The key constraints are:

• Employees must sit in a circle at the table
• Each employee will only attend if they can sit next to their favorite person
• An employee cannot be their own favorite person

For example, if employee A's favorite is B, then A will only attend if they can sit next to B at the circular table. The challenge is to find the largest possible group of employees where everyone's seating preference can be satisfied.

The problem essentially asks you to find valid seating arrangements where:

1. Employees form a cycle where each person sits next to their favorite, OR
2. Multiple smaller valid groups can be combined (specifically when two employees are each other's favorites, allowing chains to extend from both sides)

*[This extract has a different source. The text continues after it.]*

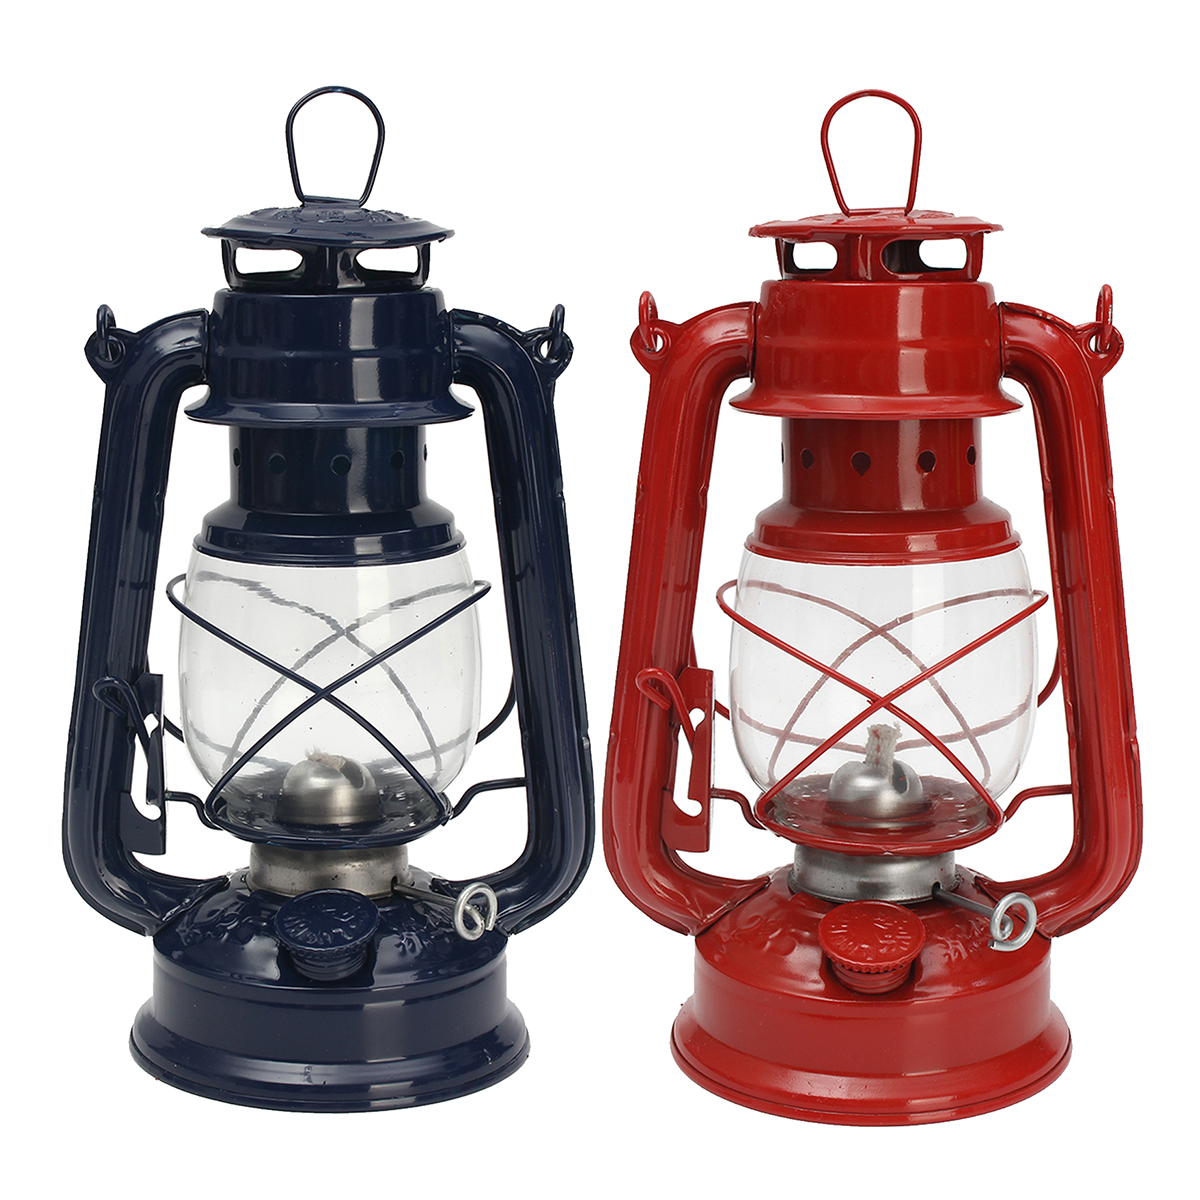 Vintage-Oil-Lamp-Lantern-Kerosene-Paraffin-Hurricane-Lamp-Light-Outdoor-Camping-1345072-2

The solution involves treating this as a directed graph problem where each employee points to their favorite person, and finding either the largest cycle or the sum of all valid two-person mutual relationships with their extending chains.

Flowchart Walkthrough

First, let's pin down the algorithm using the Flowchart. Here's a step-by-step walkthrough:

Is it a graph?

• Yes: The problem involves employees and their favorite person relationships, which forms a directed graph where each node (employee) has exactly one outgoing edge (pointing to their favorite person).

Is it a tree?

• No: The structure is not a tree because it contains cycles. Each employee points to exactly one favorite person, and these relationships can form cycles (e.g., A likes B, B likes C, C likes A).

Is the problem related to directed acyclic graphs?

• No: The graph contains cycles, which is actually central to the problem. We need to find employees who can sit in a circle where everyone sits next to their favorite.

Is the problem related to shortest paths?

• No: We're not looking for shortest paths between nodes. Instead, we're looking for cycles and chains in the graph.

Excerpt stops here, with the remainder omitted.